It seems that HAProxy is exposed at the time when PITR restore pod is running and if they have conflicting transactions it would lead to PITR pod stuck on duplicate key error.
Test:
Create database and table
CREATE DATABASE test;
CREATE TABLE test.t1(
a int not null auto_increment primary key,
b timestamp
);
Create one script that inserts data and execute
#!/bin/bash
MYSQL="mysql -h 192.168.0.116 -P 3306 -uroot -pROOTPASSWORD -BN -e "
while [ 1 ]
do
$MYSQL "INSERT INTO test.t1(b) VALUES(NOW())"
sleep 1
echo "inserting..."
done
Create one script that shows latest inserts and execute
#!/bin/bash
MYSQL="mysql -h 192.168.0.116 -P 3306 -uroot -pROOTPASSWORD -e "
while [ 1 ]
do
$MYSQL "SELECT * FROM test.t1 ORDER BY b DESC LIMIT 20"
sleep 1
date
done
mysql: [Warning] Using a password on the command line interface can be insecure.

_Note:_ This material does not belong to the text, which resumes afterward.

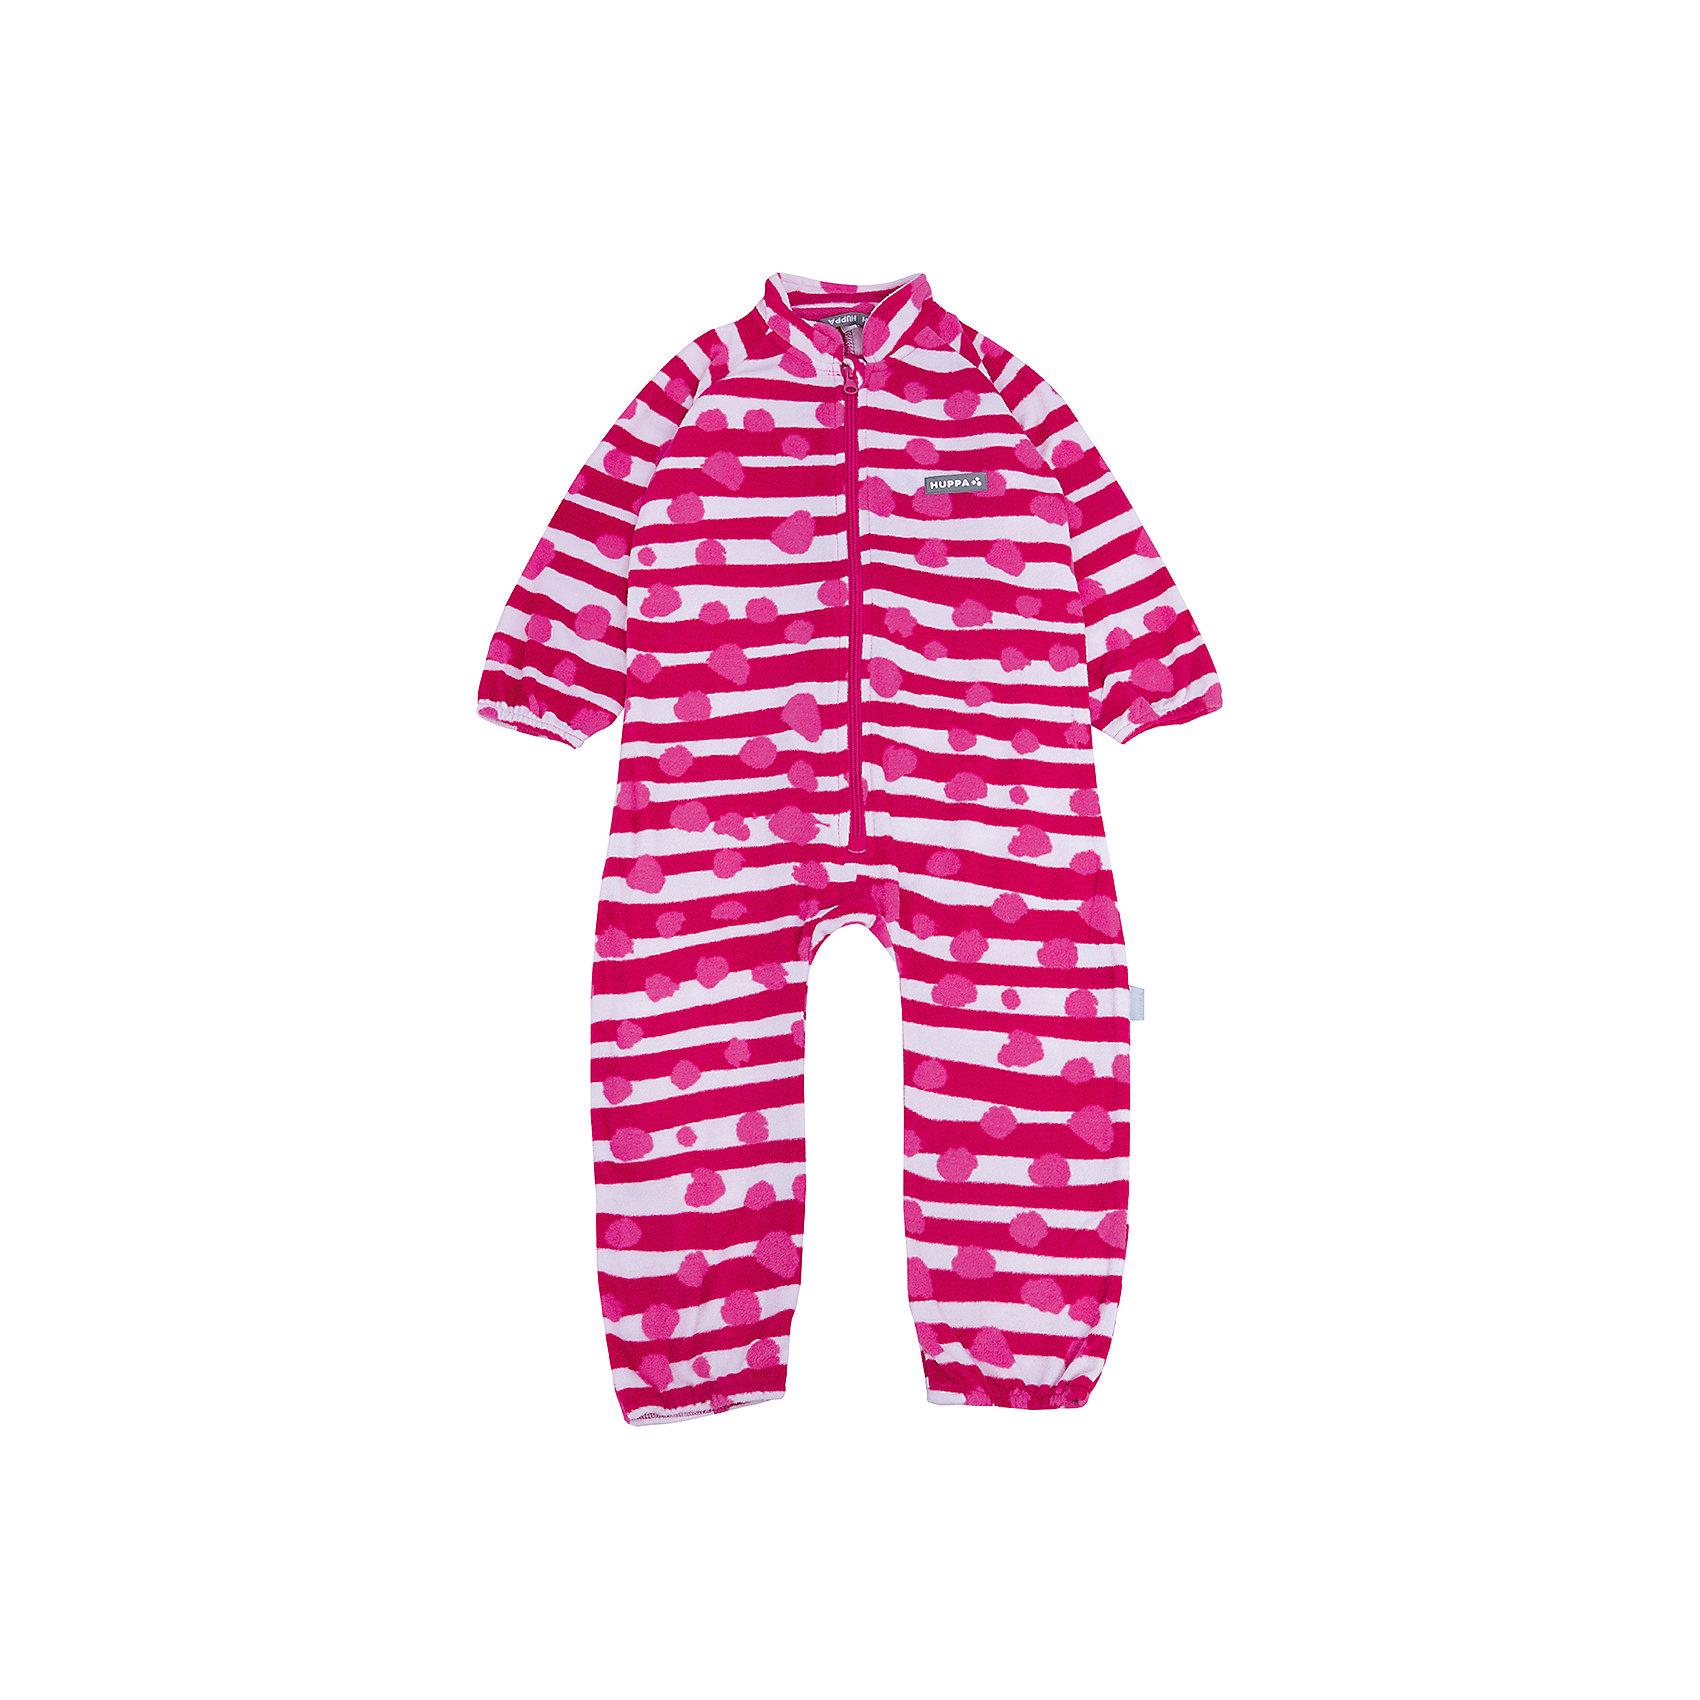 Комбинезон флисовый для девочки HuppaФлисовый комбинезон ROLAND Huppa(Хуппа) имеет высокий воротник и застегивается на молнию. На манжетах есть резинки, надежно защищающие малыша от попадания ветра под одежду. Комбинезон достаточно теплый и отлично подойдет в качестве промежуточного слоя в одежде в зимнее время или как верхняя одежда весной-осенью.<br><br>Дополнительная информация:<br>Материал: 100% полиэстер<br>Цвет: розовый/белый<br><br>Флисовый комбинезон ROLAND Huppa(Хуппа) вы можете приобрести в нашем интернет-магазине.<br><br>Ширина мм: 356<br>Глубина мм: 10<br>Высота мм: 245<br>Вес г: 519<br>Цвет: розовый<br>Возраст от месяцев: 48<br>Возраст до месяцев: 60<br>Пол: Женский<br>Возраст: Детский<br>Размер: 110,116,74,80,122,86,92,98,104<br>SKU: 4928553

Monday, 15 July, 2024 03:35:45 PM PST
mysql: [Warning] Using a password on the command line interface can be insecure.
Monday, 15 July, 2024 03:35:47 PM PST
mysql: [Warning] Using a password on the command line interface can be insecure.
mysql: [Warning] Using a password on the command line interface can be insecure.
ERROR 2003 (HY000): Can't connect to MySQL server on '192.168.0.116:3306' (111)
inserting...
mysql: [Warning] Using a password on the command line interface can be insecure.
ERROR 2003 (HY000): Can't connect to MySQL server on '192.168.0.116:3306' (111)
inserting...
mysql: [Warning] Using a password on the command line interface can be insecure.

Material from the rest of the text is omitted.